Give back exactly the lines from the one that holds "Green Leaf: Monstera" through the final line of the data; omit the pictures and add nothing.

**Data below**.
□ □ □ □
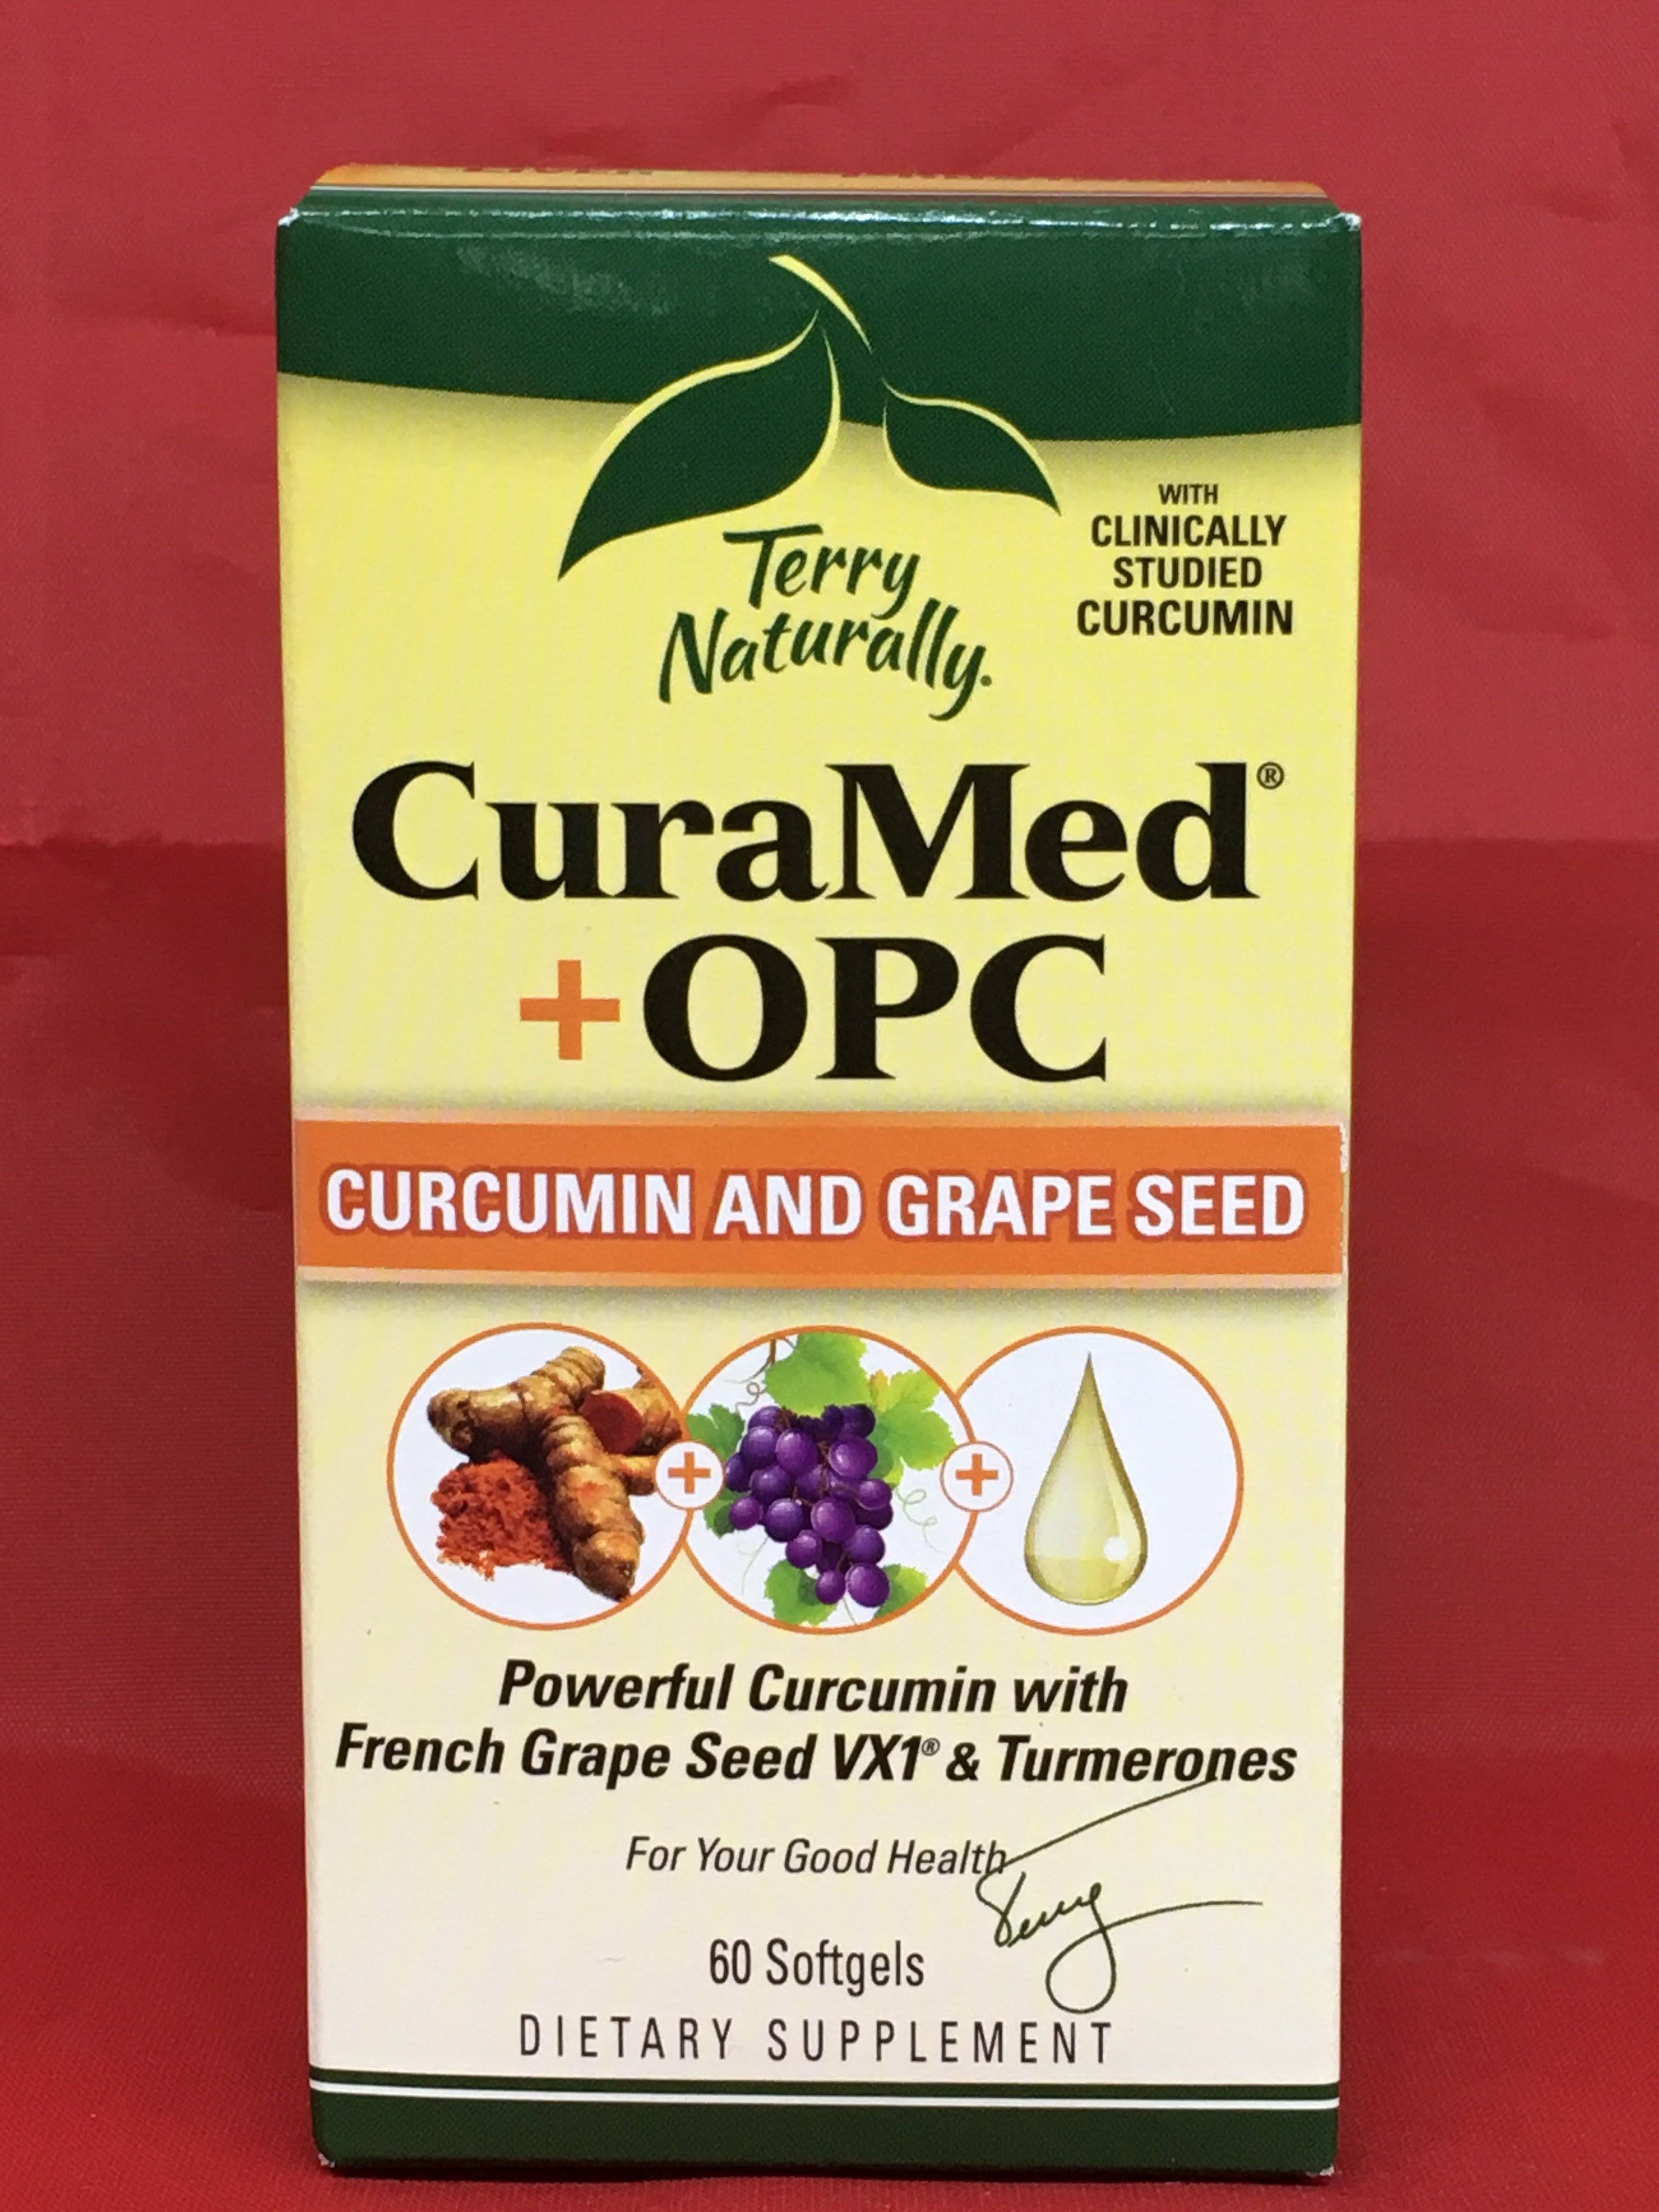 Terry Naturally CuraMed + OPC 60 Softgels
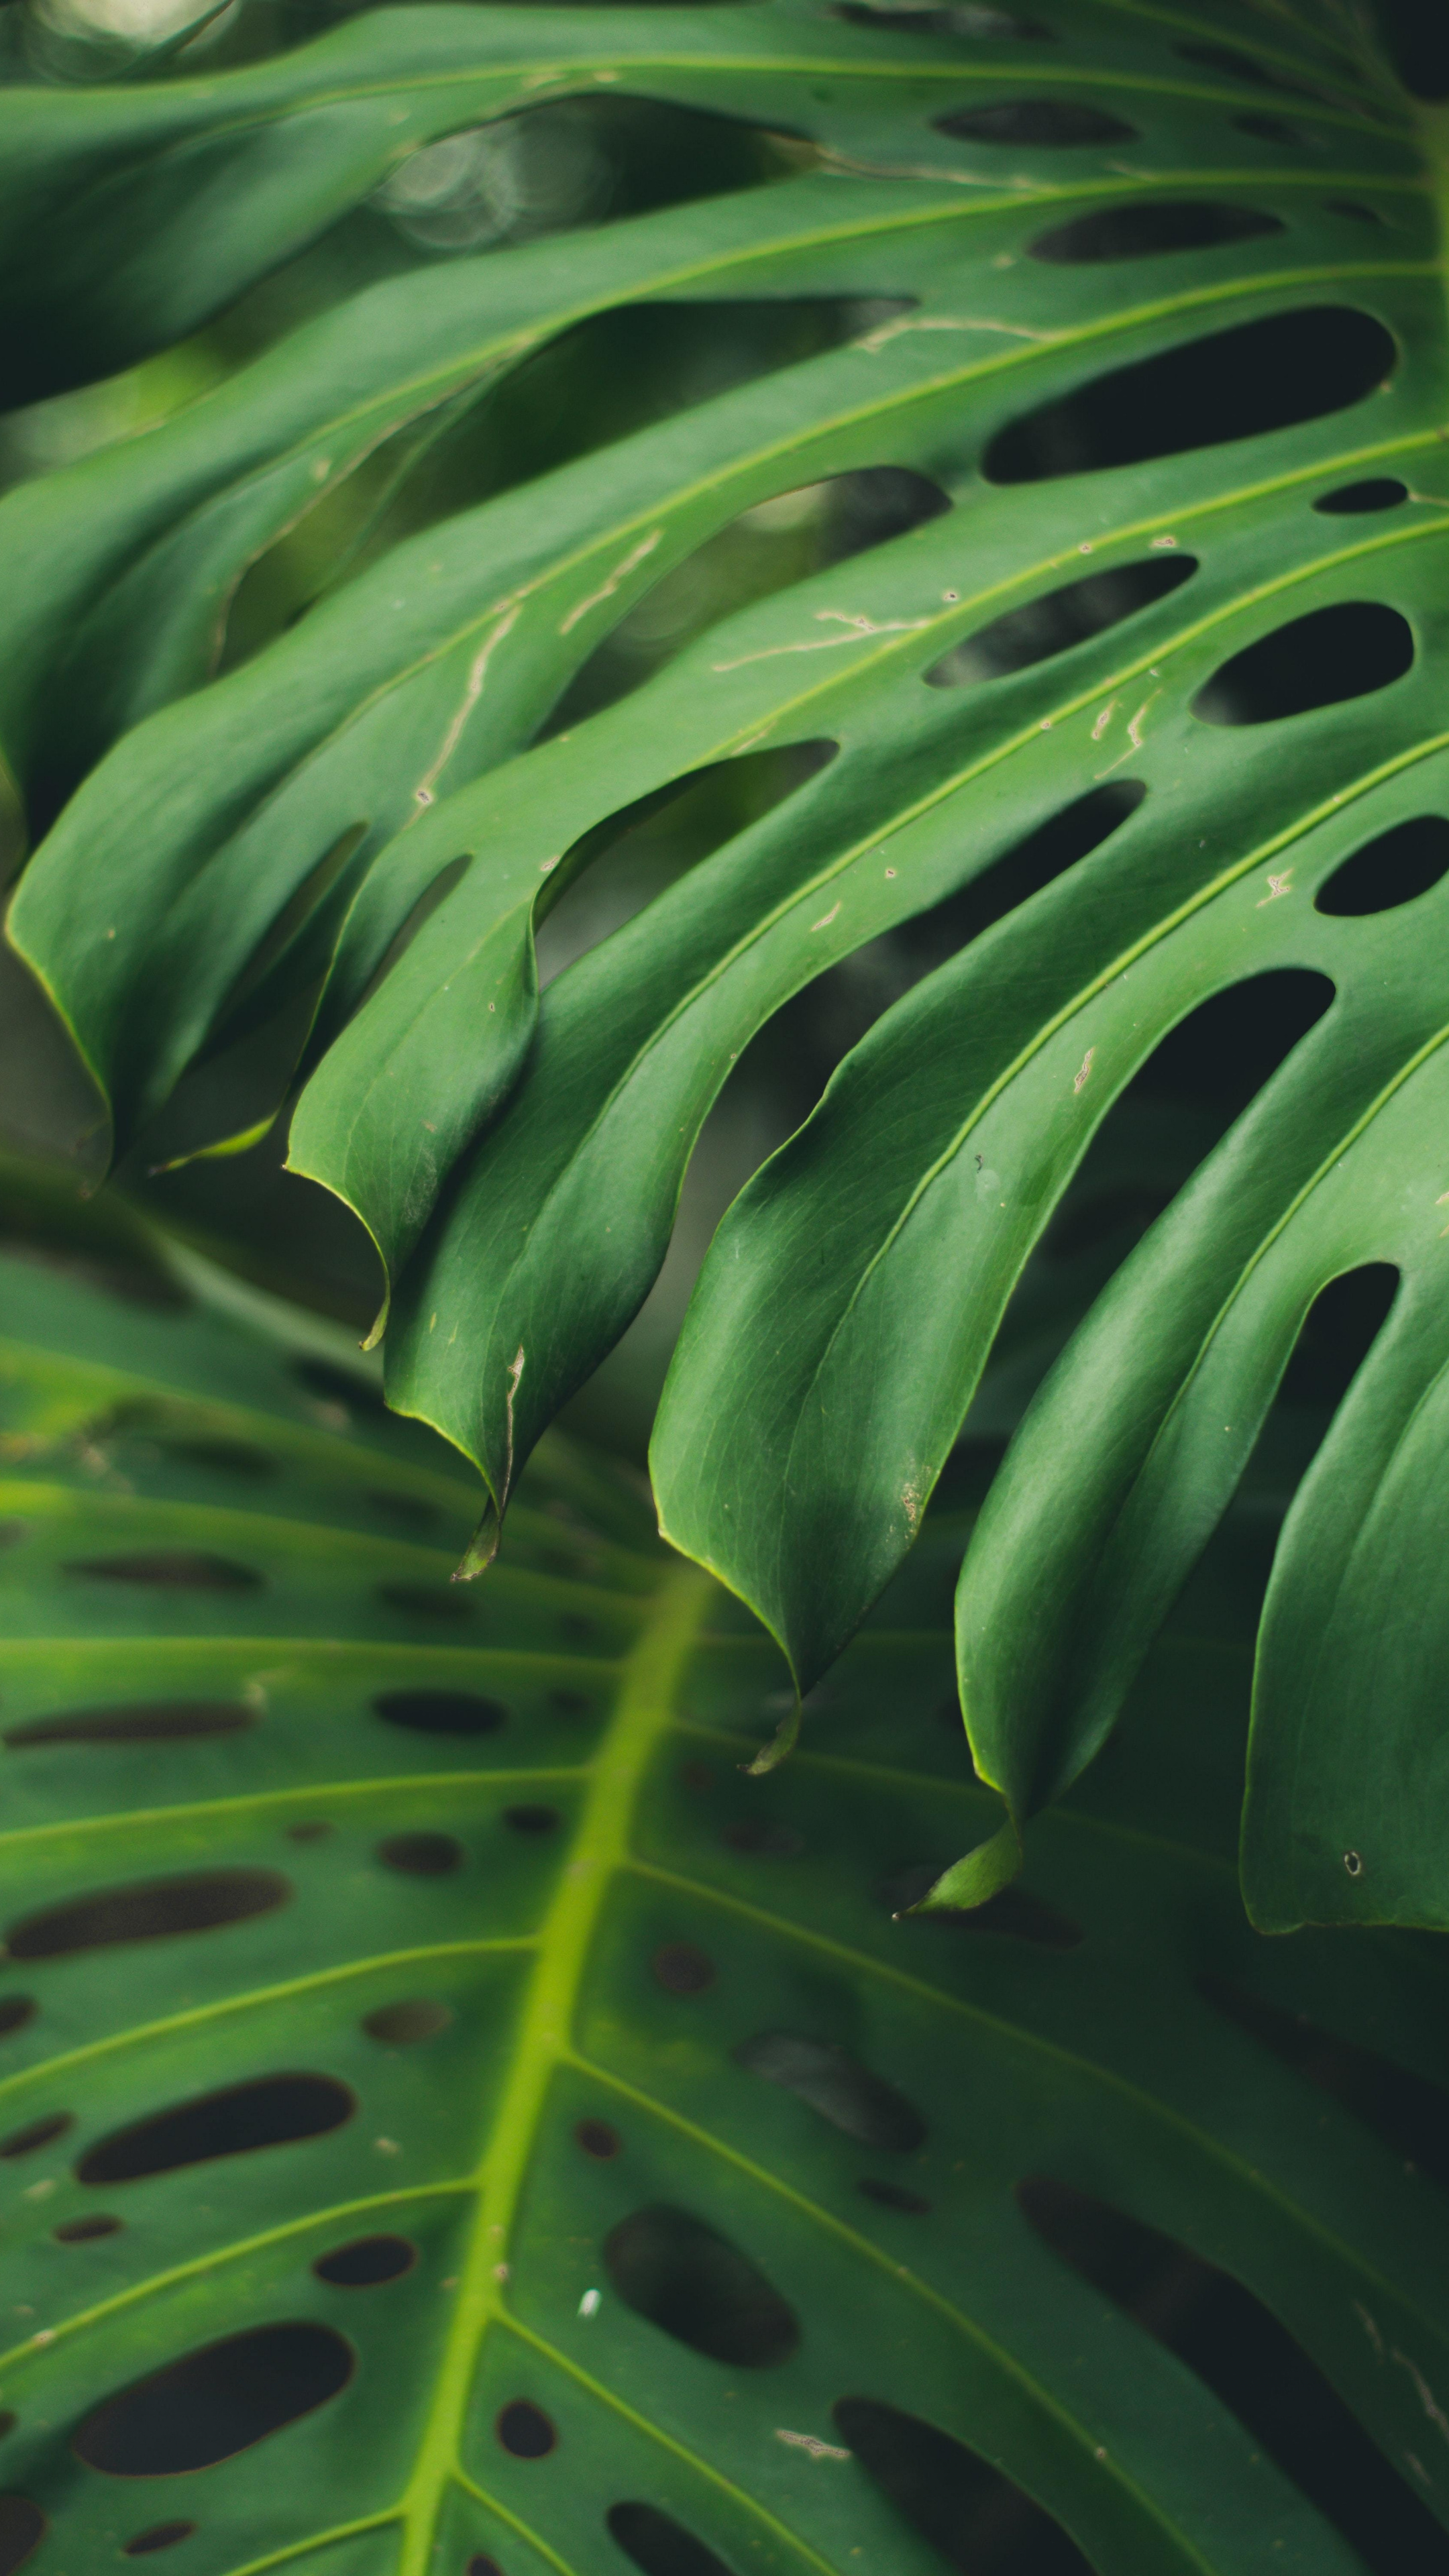 Green Leaf: Monstera deliciosa, The Swiss cheese plant, The split-leaf philodendron, The flowering plant. 2160x3840 4K Wallpaper.
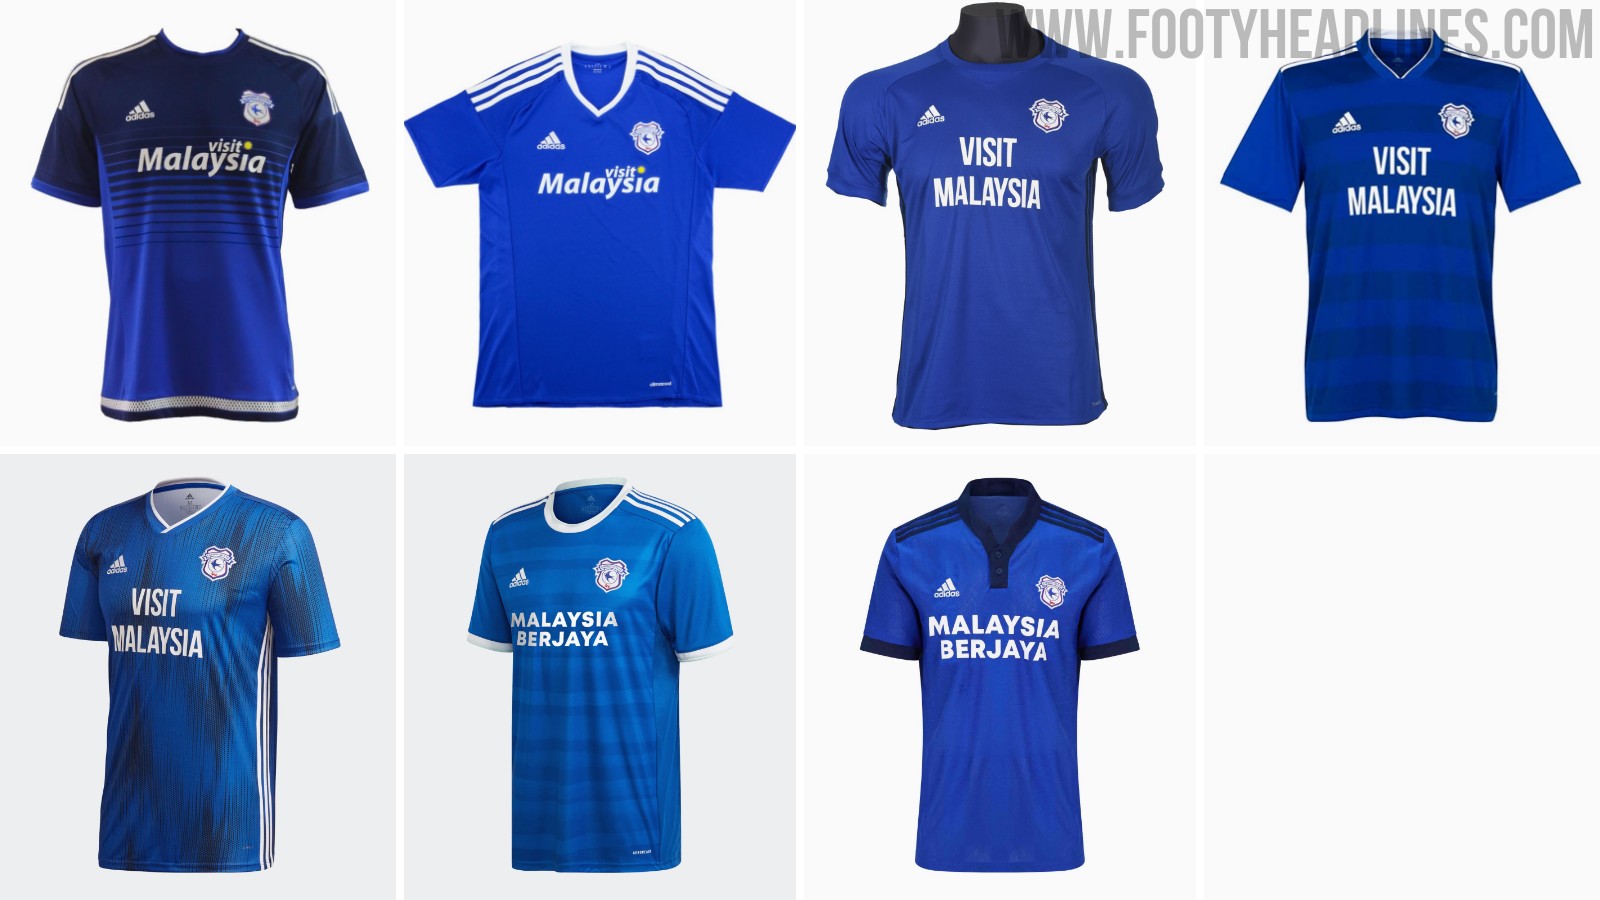 Cardiff City sell £100,000 worth of Adidas kit in record breaking opening  sales day - Wales Online
□ □ □ □
**Exercise answer**.
 Green Leaf: Monstera deliciosa, The Swiss cheese plant, The split-leaf philodendron, The flowering plant. 2160x3840 4K Wallpaper.
 Cardiff City sell £100,000 worth of Adidas kit in record breaking opening  sales day - Wales Online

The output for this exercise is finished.